Year of composition
The Sonata for violin and piano Op. 12, was commissioned by my friend and great violin player Mª Antònia Pons-Estel to be performed within the frame of a concerts cycle organised by the Instituto Cervantes and being held at the Salle d’Honeur at Les Invalides in Paris.
The sonata was composed during the months of Septemb er and November 2002. It is divided in three movements:
I Sostenuto. Allegro ruvido
The movement begins with a canon at the octave in three voices, calm and highly expressive and increasing the tension little by little flowing into the allegro in a sonata form and a tough character. In this introduction all the melodic and thematic elements from which derives the greatest part of the whole work are exposed. The first theme in the allegro clearly derives from the melodic turn of the first introductory bars, it is very vigorous. This theme which goes from one instrument to the other develops briefly melting and relaxing into a transition to introduce the second theme a bit quieter and melodic. Elements belonging to the two previous themes appear in the development section treated in a counterpoint manner. In the re-exposition, the order of the themes is inverted.
II Lento. Poco adagio
This movement is written in a re-expositive ternary form treated very freely. It starts with a few mysterious bars with harmonics on the violin and some superposed fifths on the piano. A lyric theme comes forth on the piano passing through to the violin with damper. After a short interjection, dolente, in the score, this theme develops into a calmed dialogue between the two instruments getting to the central section, in a 5/8 beat, melodically derived from the first theme in the previous movement.
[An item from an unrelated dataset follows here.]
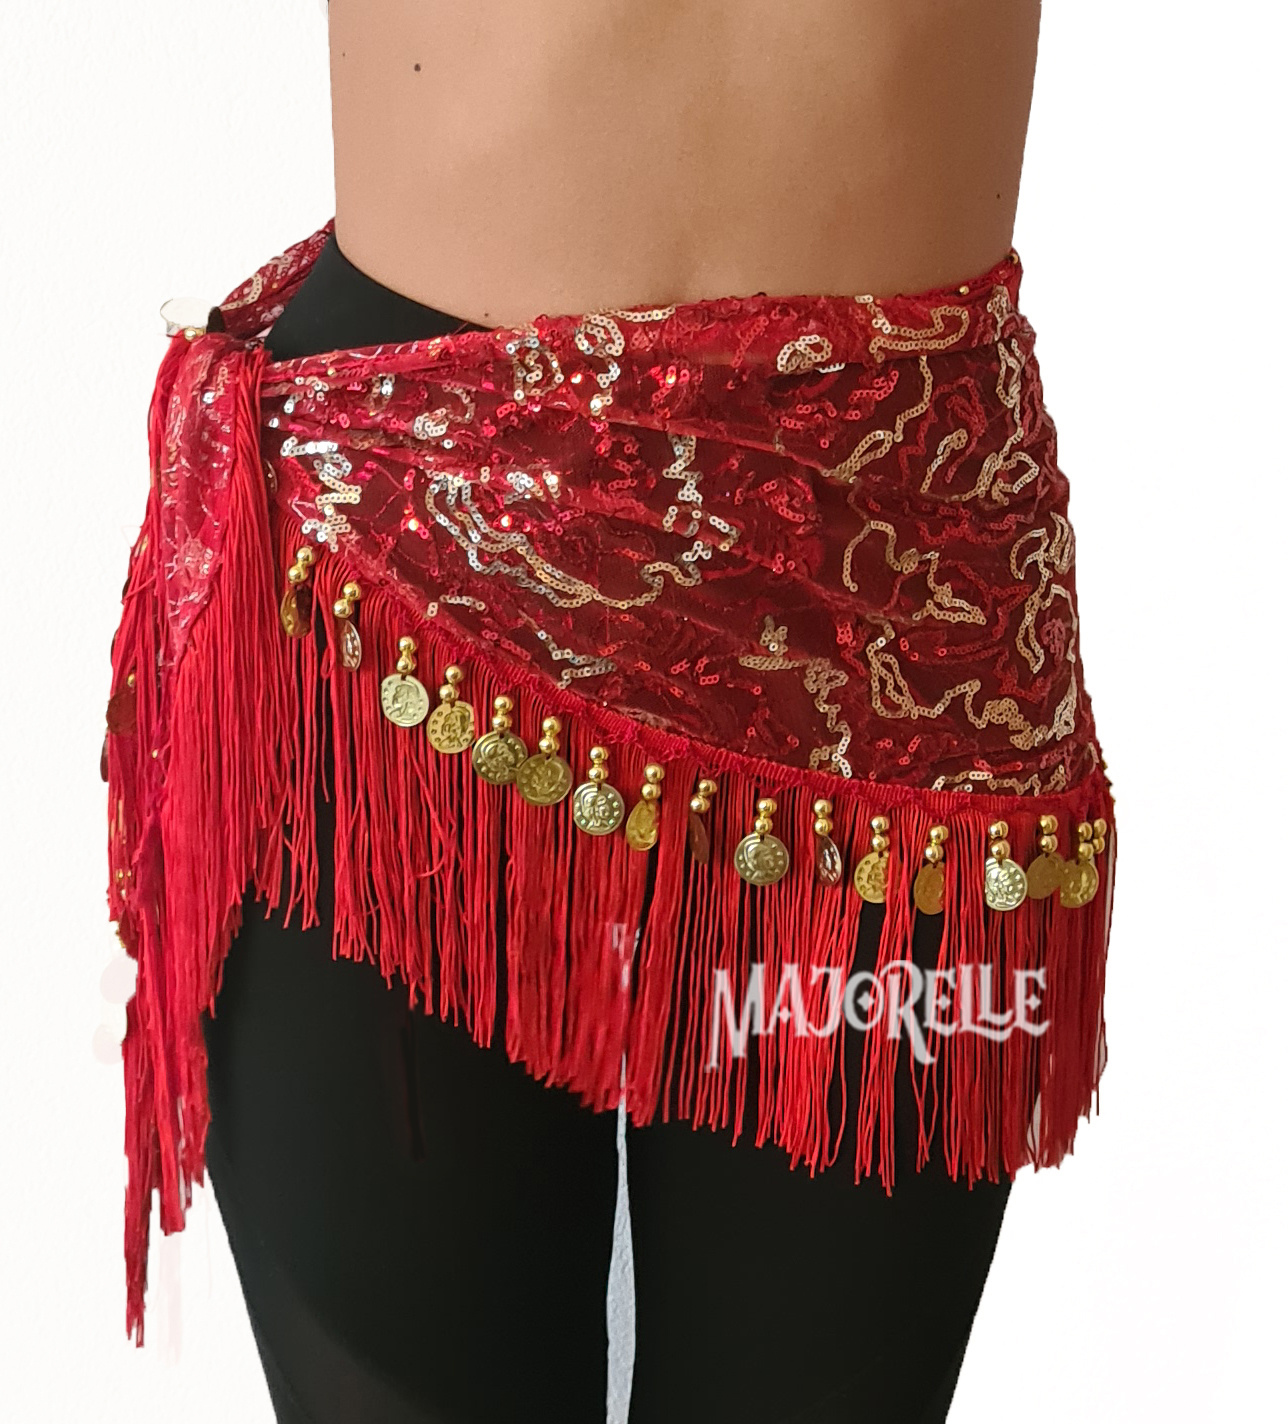 Hip scarf red with gold and silver accents, with gold coins

A brief summary and reminder of the first theme leads to the initial bars marking the end of the movement.
The last movement is more complex in its structure, apparently, it is a rondó but some variants have been introduced. The first theme, an ostinato, derives melodically from the beginning of the piece but with many rhythmic variations. The second theme of a passionate character shows a great contrast with the first one repeating immediately some bits getting to a climax that remains suspended. A sudden change in the tempo reminds for a moment the dolente character of the II movement. A very agitated section developing the two main themes bursts in, vigorous and full of rhythmic changes. Before the final coda, deriving from the first theme, which marks the brilliant end of the piece, a part of the canon in the beginning is re-exposed.